Julián Valero Moreno, iNANO, Aarhus University

Host: Professor Brigitte Stadler

Chemically Enhanced RNAs: bridging biomedical and nanotechnology applications
Replicating the sophisticated functions of proteins using synthetic molecules in complex biological environments, such as living cells, remains one of the grand challenges in chemistry. While man-made molecular systems have shown promise, their performance in cellular and in vivo contexts still pales compared to their natural counterparts.
My research revolves around the design and development of advanced nucleic acids with enhanced chemical stability, structural complexity, and functional diversity. The goal is to create synthetic molecules that can effectively mimic intricate biological functions. To achieve this, we are developing a versatile platform that integrates novel bioconjugation strategies, in vitro selection techniques, and RNA nanotechnology. This approach enables the construction of multivalent, chemically modified RNA molecules with potential applications in biomedicine and nanotechnology.
A key area of interest involves engineering RNA aptamers and other synthetic biomolecules functionalized with diverse ligands for precise protein recognition and targeted cellular regulation. Through this work, we aim to bridge the gap between synthetic and natural biomolecular systems, paving the way for innovative therapeutic and diagnostic tools.

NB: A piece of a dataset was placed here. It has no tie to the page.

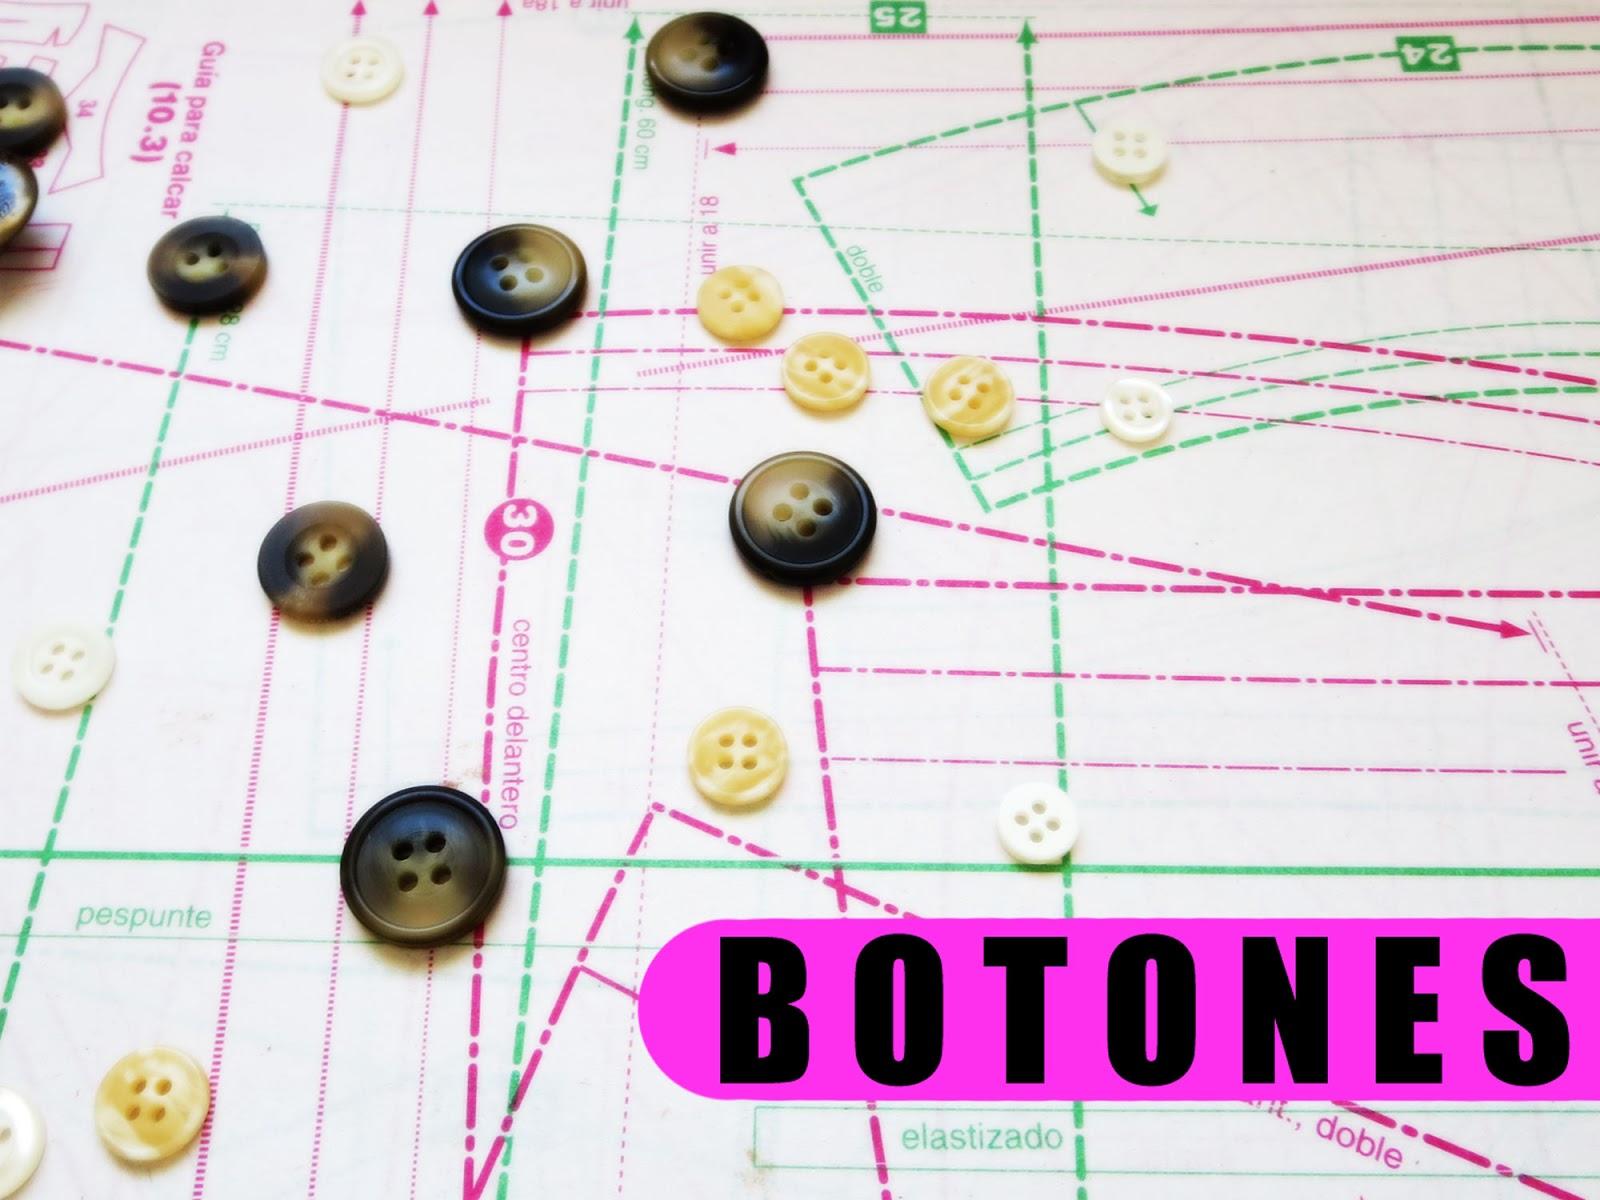 Cómo elegir y coser botones - Coser es fácil

Fabian Mahrt, Chemistry, Aarhus University

Host: Professor Brigitte Stadler

Phase state of atmospheric aerosol particles: Measurements & implications
Aerosol, tiny particles with sizes typically at the nano- to micrometer scale, are ubiquitous in the atmosphere. They play an important role for atmospheric chemistry, and contribute to poor air quality, affecting public health. Aerosols also critically impact climate, directly by scattering radiation and indirectly by acting as nuclei for clouds. Secondary organic aerosols (SOA) constitute the most abundant atmospheric particle type by mass. SOA particles form within the atmosphere from reactions of volatile organic compounds (VOCs), emitted from anthropogenic and biogenic sources, with atmospheric oxidants, including ozone, hydroxyl and nitrate radicals. Depending on their composition, as well as the ambient temperature and relative humidity conditions, the phase state of SOA particles can vary from a liquid, to an amorphous semi-solid, to a glassy phase state. As an example, glassy particles are thought to promote ice cloud formation by providing a solid surface for ice nucleation to take place, thus impacting climate.
While the importance of aerosol phase state in the environment is well recognized, it remains insufficiently understood for SOA particles, largely due to their chemical complexity and variety of combinations of different VOCs and oxidants from which they form.

The research presented here focusses on the phase state of SOA particles emitted by wildfires, that considerably impact air quality and climate and that have surged in frequency and intensity over the past years. By combining microscopy and fluid dynamic simulations, we directly quantify the humidity-dependent phase state of individual SOA particles. Our results show that the phase state of SOA particles is a strong function of relative humidity and for a given VOC, depends on the oxidant. We also present surprising evidence from X-ray diffraction that some SOA can exist in a crystalline solid phase state. Such SOA could represent an unrecognized source of nuclei for ice clouds.
Overall, our results shed new insights into the phase state of organic aerosols and highlight possible implications for cloud formation and climate.